There were several reasons:
1. I've been wanting to do it for about 15 years, but not thought I could motivate it financially. (Still can't, but at least I found it affordable!)
2. I've got a master’s degree in engineering combined with some autistic characteristic that makes me dig deep into any interest of mine. Having done a lot of theoretical work on water cooling I really wanted to test (some of) my theories.
3. One "theory" is that water cooling is good at preventing rapid temperature changes in the parts, thus preventing thermal fatigue.
4. "Just because!"

The final decision to go to water cooling was taken by me a few years ago, and then I purchased the parts required. Due to various family reasons I didn't get to install it in a timely manner though.
There were also some problems with the hardware chosen, like a refurbished CPU cooler that didn't come with the required screws (had a double amount of Intel screws that can't be used for my Ryzen CPU) and a pump that's noisy and probably not powerful enough. So late last year I opted to buy a new CPU block, new reservoir and pump.

In the meantime I had also bought (and installed) an All-in-One CPU cooler for my son's computer.

Anyway, installation of my custom loop with soft hose was fairly straightforward.

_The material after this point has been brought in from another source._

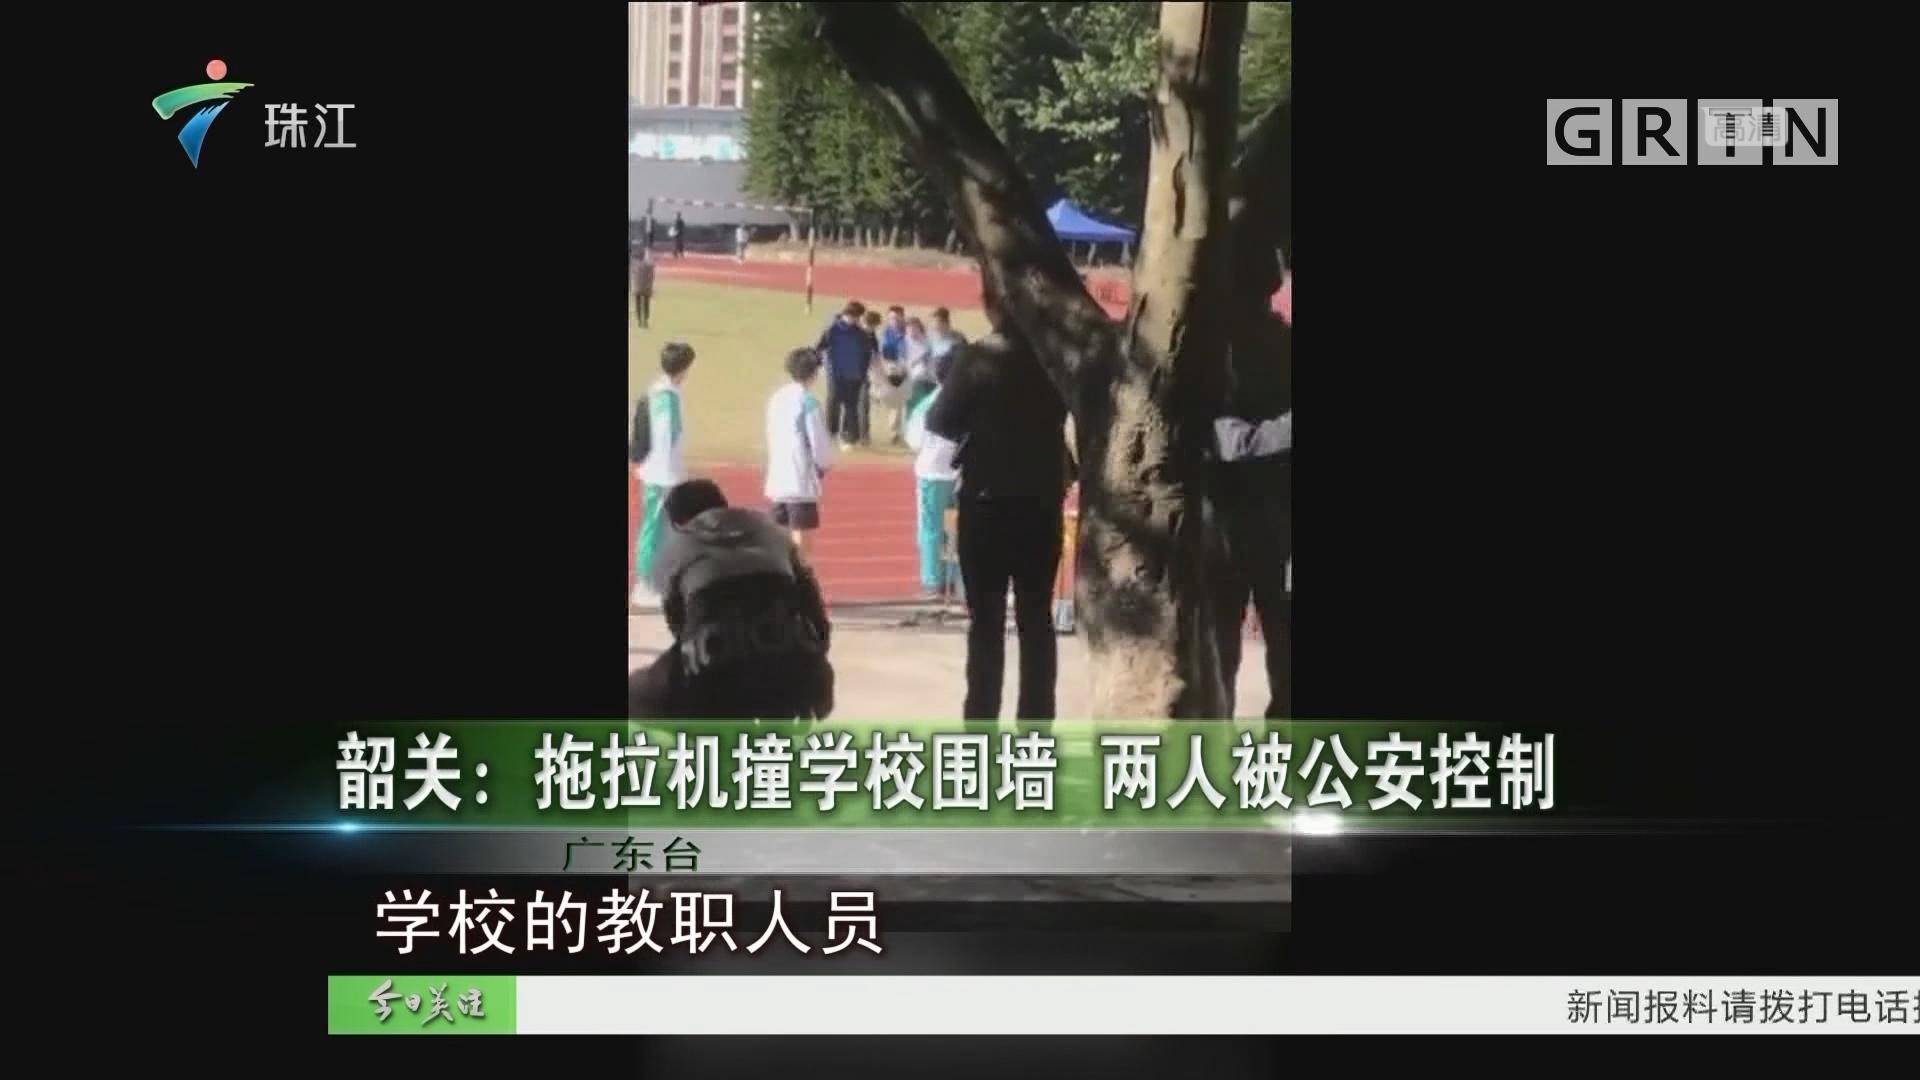 韶关:拖拉机撞学校围墙 两人被公安控制

Filling it up with water didn’t go quite as smooth as expected (because of filling port a bit narrower than optimal) but was eventually done okay.
When testing there were no leaks or so. My GPU is running cooler than expected. The big let-down though is the CPU block. It really doesn’t perform well. Starting a stress test it takes just about three seconds for the CPU to get a 30 degree temperature increase before getting somewhat stable! (I’ve tried several different approaches to fix this problem but not yet found out what’s the cause of the poor thermal coupling between CPU and water.)
My third point above is thus proven both right and wrong: The GPU does indeed vary in temperature much slower now than before, as expected. The CPU, on the contrary, does not.
My first pump and reservoir, a BT-LT in a 5.25” bay, is a fairly noisy combo. The replacement AlphaCool Eisball with a D5 755 pump is as good as silent. I need to hold my ear within 15cm to hear it running at all. (And it’s mounted on top of the computer case!)
Cooling of the water is passively done by a twelve module AlphaCool Cape Cora HF convector mounted on the wall in my study.

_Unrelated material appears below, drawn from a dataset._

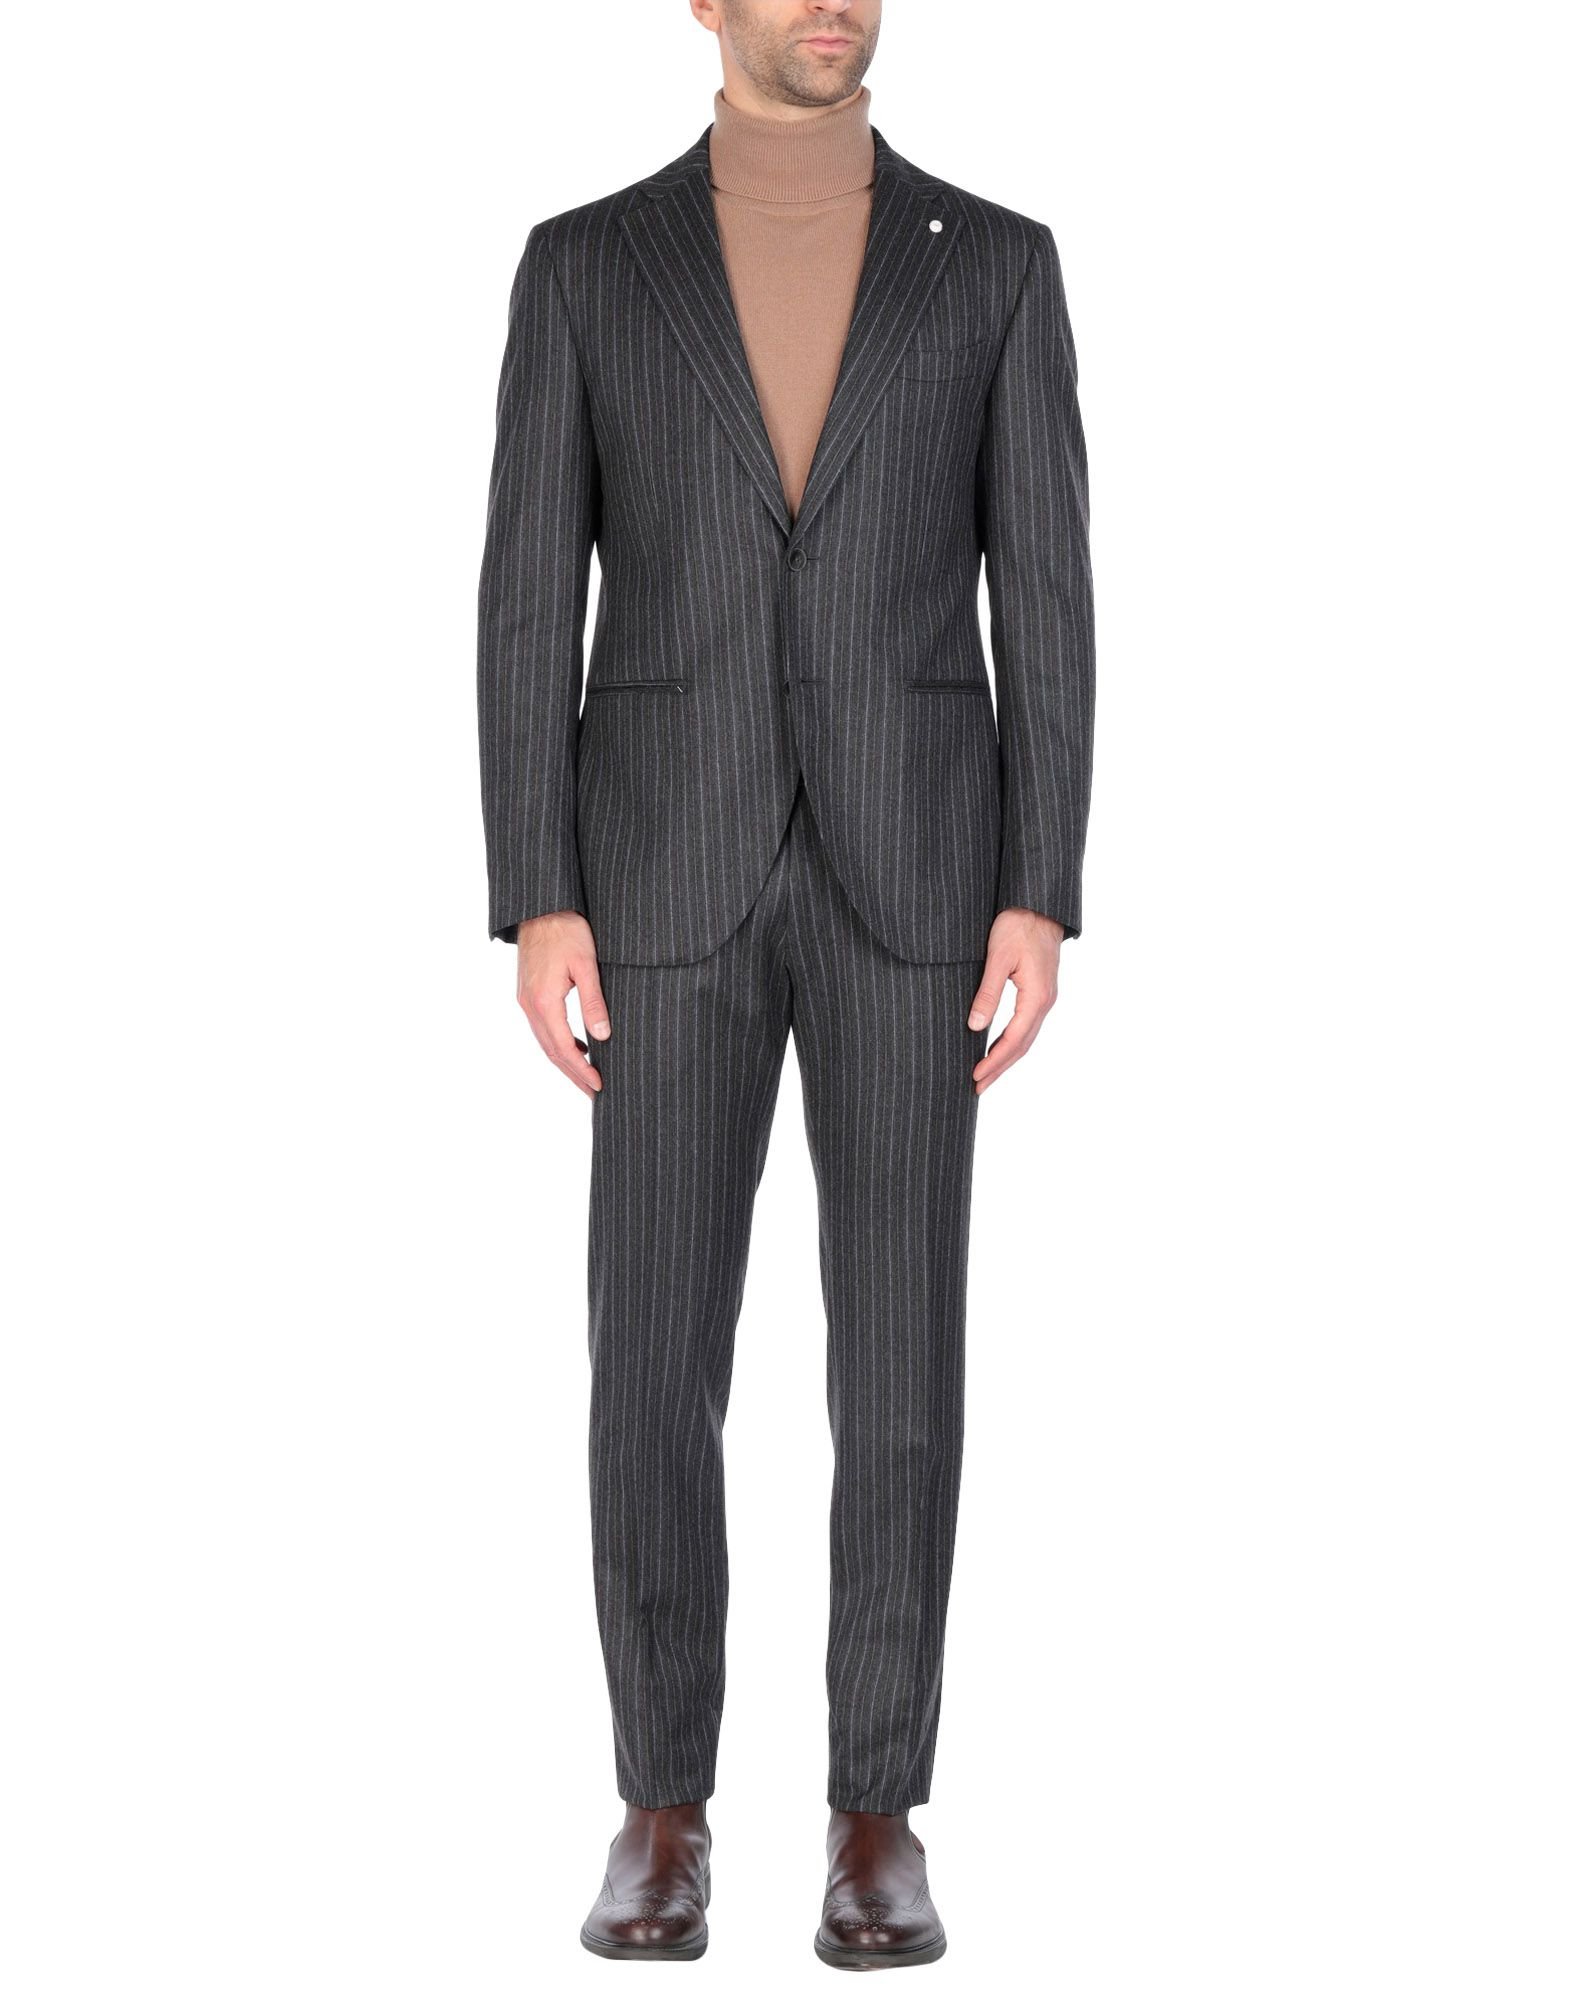 《送料無料》LUIGI BIANCHI Mantova メンズ スーツ スチールグレー 50 バージンウール 100%

I have yet to do some more checks on my son’s computer to see how well the AIO performs and how it influence the graphics temperature. I did a somewhat unorthodox install in the Fractal Define C case:
The radiator is mounted in the top, with the fans pulling air into the case. All openings surrounding the radiator are closed off to prevent air from leaking out that way.
Two 14cm fans are mounted in the front, also pulling air in. Surrounding openings are closed off.
The fan mount at the rear behind the CPU is completely shut, using adhesive tape. Don’t want any air to move out there.
Only the openings at the rear below the graphics card are left open, so that all air pulled into the case must pass the graphics card and is thus accessible for cooling the GPU.
Fan control is the issue here. The radiator fans rely on the CPU temperature. That’s very straightforward. The front fans should ideally be dependent on the GPU temperature, but that can only be done if both the motherboard and graphics card are of Asus high end models, which neither are. As is the computer is loud while gaming, with some fans running at full tilt, and I have to find out what fans and why.